「弱者男性の安楽死を合法化せよ」明らかな差別的発言がまかり通る日本のヤバさ

※本稿は、斎藤環・佐藤優『なぜ人に会うのはつらいのか メンタルをすり減らさない38のヒント』(中公新書ラクレ)の一部を再編集したものです。
【斎藤】私は優生思想については、ある意味古典的な、優秀な遺伝子の継承を目的とした人工的な淘汰(とうた)を肯定するという考え方にとどまらず、人間の「生」に対して、「良い生」や「悪い生」があるといった価値判断を下す思想全般が含まれる、と考えているんですよ。「マイルドな優生思想」と言えばいいでしょうか。
【佐藤】全く同感です。その視点に立って眺めてみると、なにも、「意思疎通のとれない障害者は安楽死させるべきだ」「重度・重複障害者を養うには莫大(ばくだい)なお金と時間が奪われる」などの言説をした2016年に起きた相模原障害者施設殺傷事件の植松死刑囚の世界まで行かずとも、身の回りに優生思想が様々な形で顔を出しているのが見えてきます。

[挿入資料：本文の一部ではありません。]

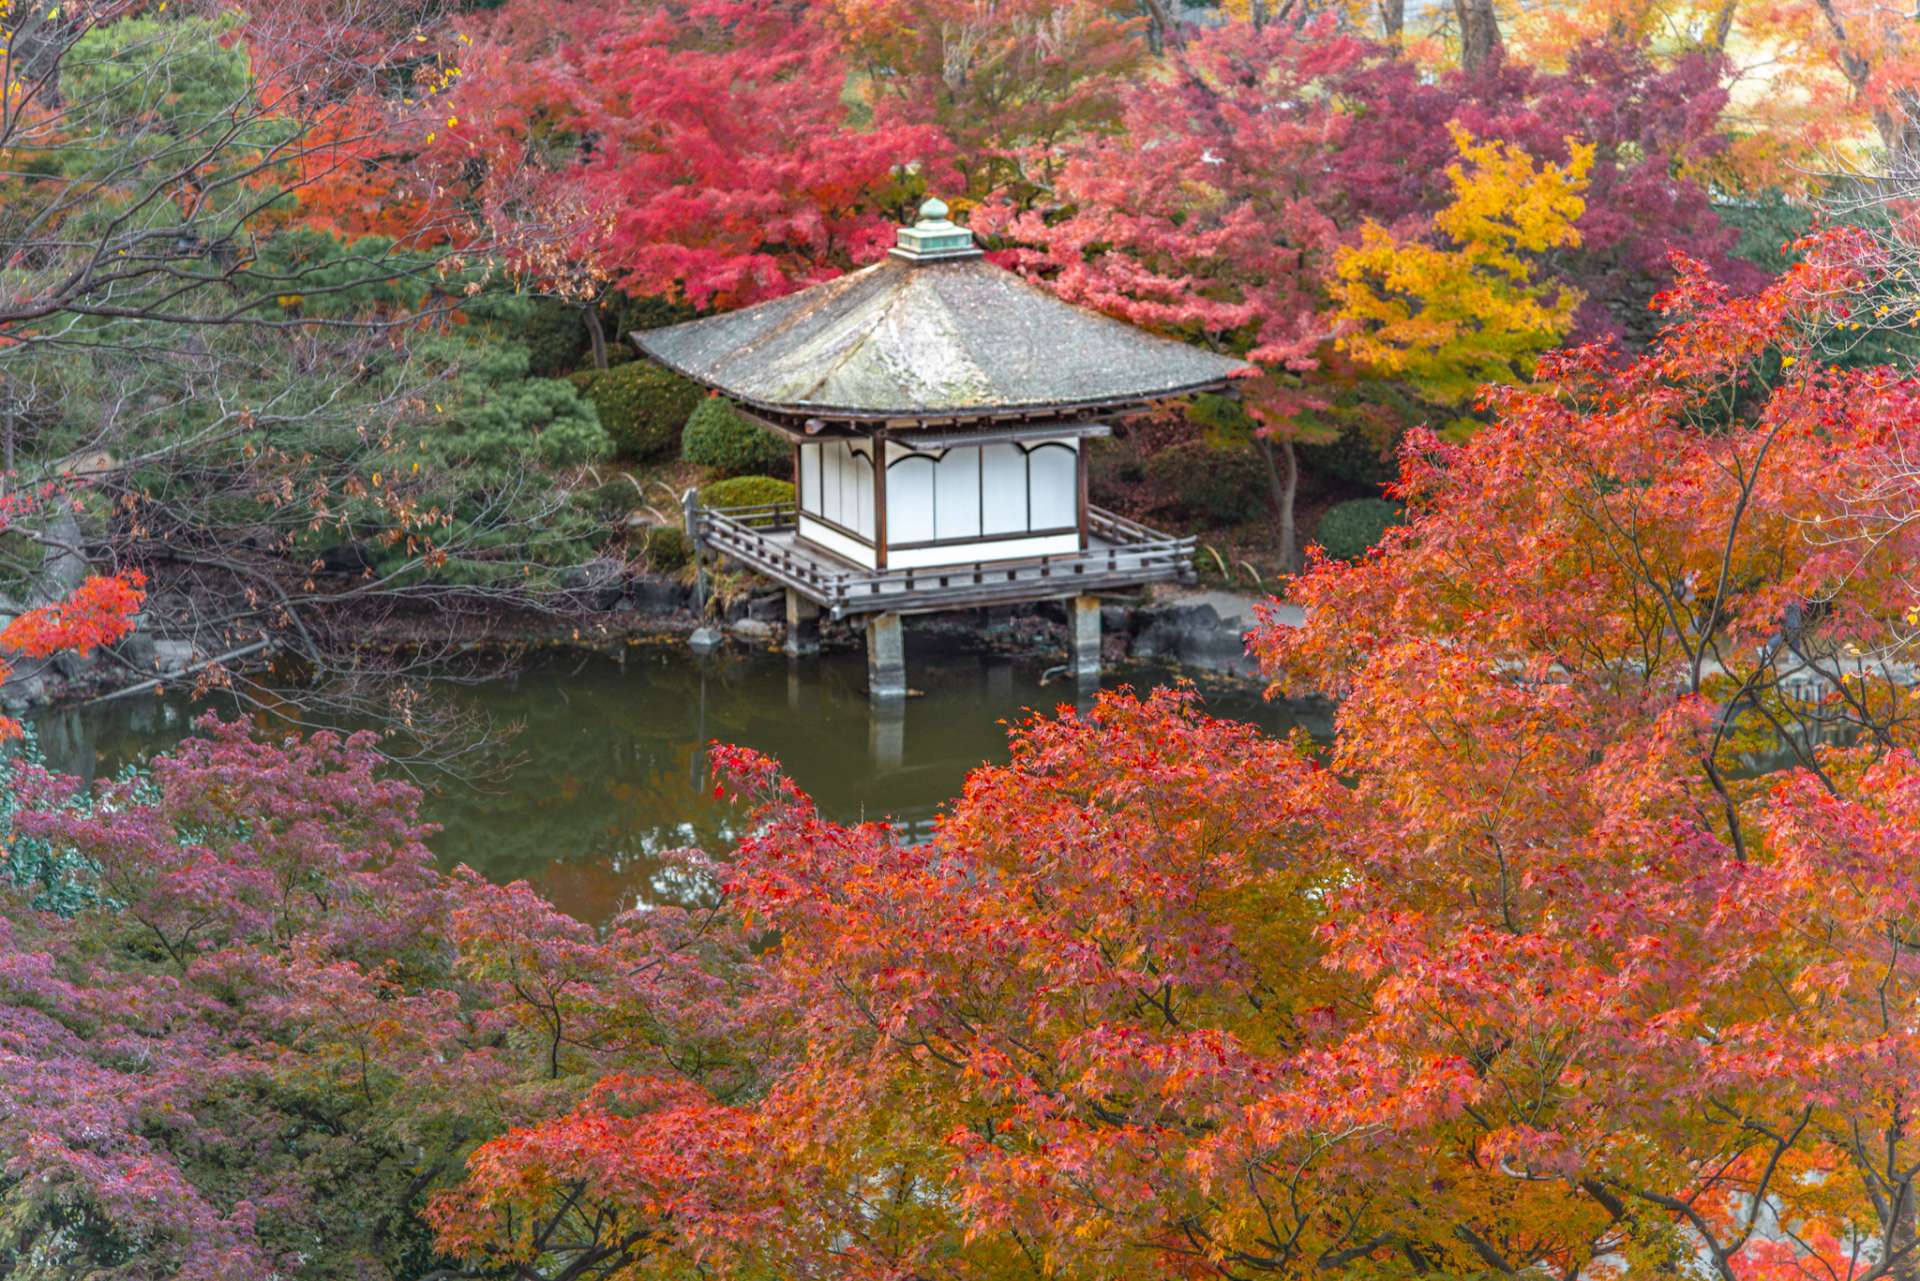 「紅葉渓庭園」とも称され愛される秋の庭園

私は、「努力は遺伝に勝てない」「『悪い生』に生まれたら、そこから抜け出せない」といった優生主義の発想は、人々が様々なことを諦める理由にもなっているのではないか、と感じるのです。「教育は子どもの成長に関係ない」と言われれば、塾に行かせる経済的余裕のない親は、「そうだよね」と自らを納得させることができるでしょう。経済格差が広がる社会においては、「人生は生まれながらに決まっている」というこの手の議論は、受け入れられやすいのかもしれません。為政者にとって都合がいい、と言うこともできるのですが。
【斎藤】経済格差に関連して言うと、最近流行っている言葉に「弱者男性」というのがあります。ひと頃、「キモくて金のないおっさん」の略称として「KKO」と称するネットスラングがあったのですが、さすがに差別的だということもあって、今はこう呼ばれます。要するに、職も不安定なまま、気づくと中高年になっていた人たち。見た目もイマイチ、貧困で結婚もできず。従って、幸福度は低い。独居男性は、結婚している人に比べて、10年以上早死にするというデータもあります。

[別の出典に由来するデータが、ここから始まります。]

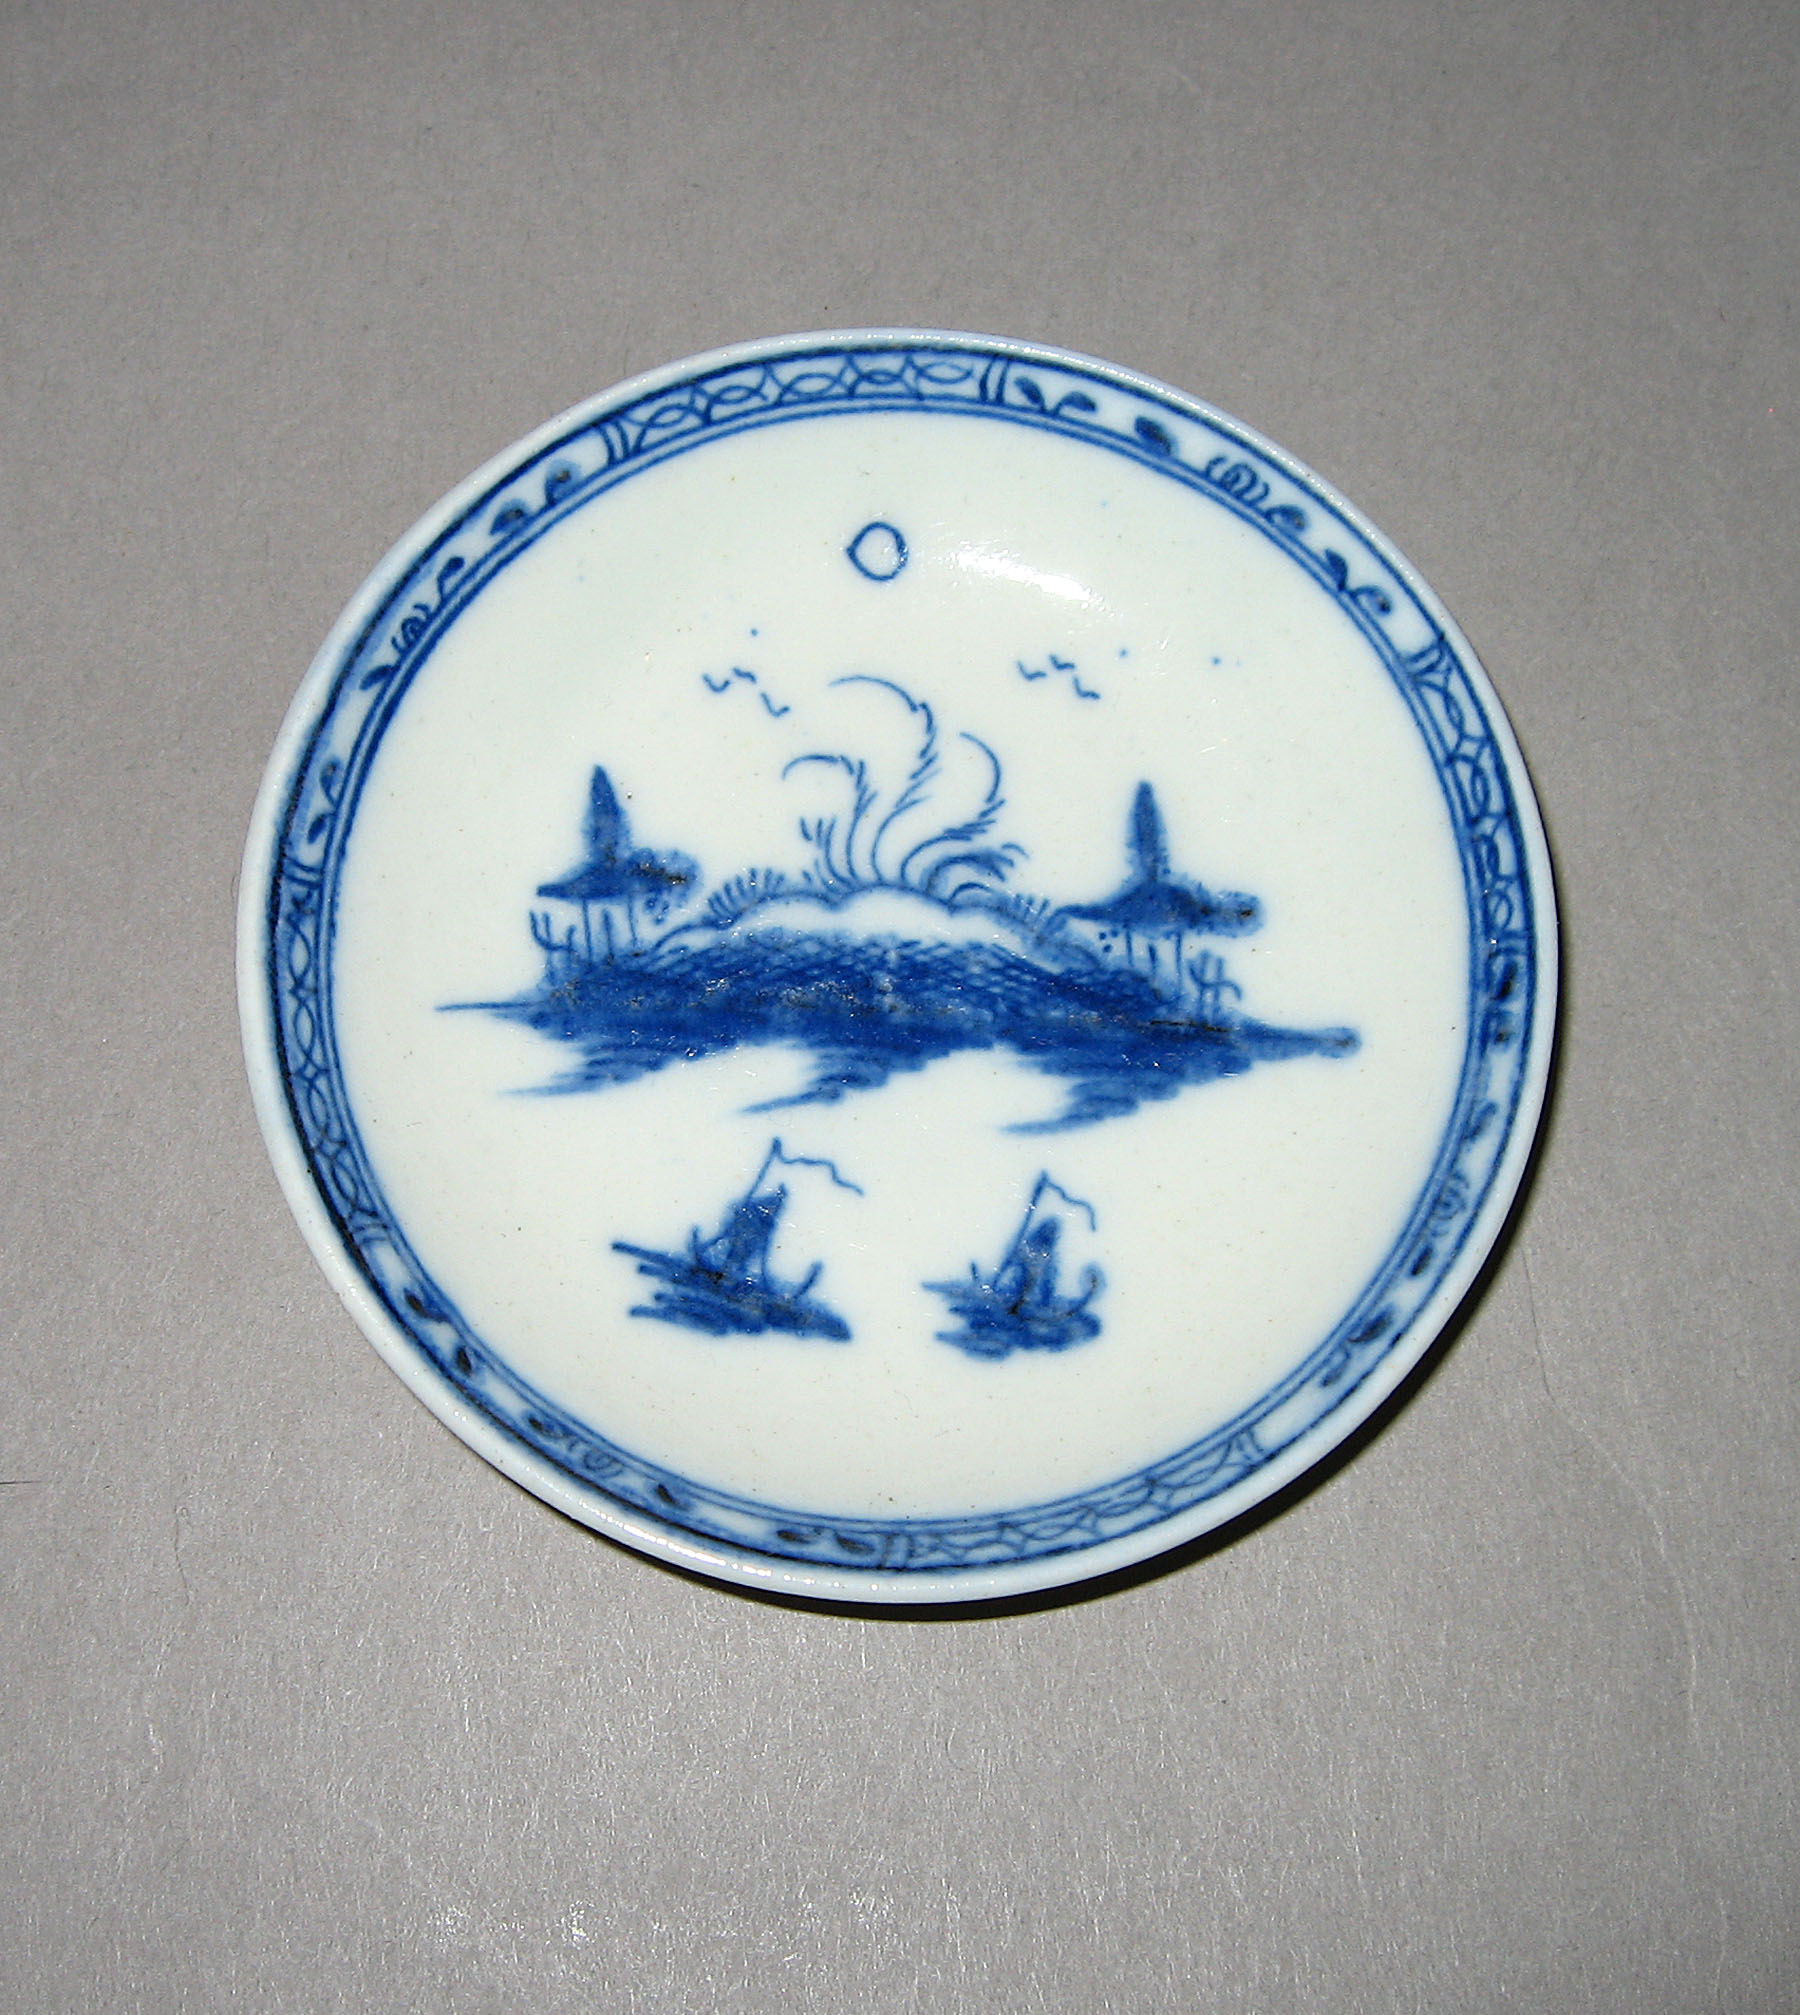 1965.0561.005 Miniature saucer

【佐藤】まさに格差社会の底に沈んでいるような男性たちですね。
【斎藤】社会的弱者というとどちらかといえば女性に焦点が当たっていたわけですが、ようやく彼らに対してもそのような認識が進んで、「何とかしてくれ」と声を上げるようにもなったんですね。ただ、彼らは「俺たちにも女をあてがえ」といった発言をついしてしまうので、フェミニズムと食い合わせが悪かったりするのです。
【佐藤】週刊誌の『SPA!』の特集になりそうな。(笑)
【斎藤】まさに、世代的にはあれを愛読しているような人たちです。で、そんな彼らも、実は優生思想を自ら振りまいている部分があるんですよ。自分が疎外されたと感じた時に、彼らが必ずと言っていいほど口にするのが、「俺なんか生きていてもしようがない」というひと言なのです。なぜなら、金も稼げない、生産性もない、何の役にも立っていないのだから……。しかし、そうやって並べていくロジックの全てが、「役に立たない人間は生きているな」という優生思想に、見事に収斂(しゅうれん)されてしまう。
【佐藤】往々にして、そうやって自分に向ける刃は、他人にも向くことになります。
【斎藤】まさにその通りで、彼らは他人の生も批判します。ですから、かなりの部分が、植松死刑囚のロジックを肯定してしまうところがある。医師が難病患者の生命維持装置を止めるような行為に対しても肯定的で、「だから俺たちにも安楽死を認めろ」と主張したりもします。結果的に、優生思想へのかなり強力な支持を表明することになっているわけです。
一方で、男女を問わず自分が「強者」だと認識している人たちはもとより、社会はそうした弱者男性に対して、決して温かくはありません。「弱者男性の安楽死を合法化せよ」というようなどう考えても差別的な言説が、ネット上を飛び交ったりするわけですね。そんなところからも、現代の優生思想が徐々に、しかし確実に蔓延しているのではないかという危惧を禁じ得ないのです。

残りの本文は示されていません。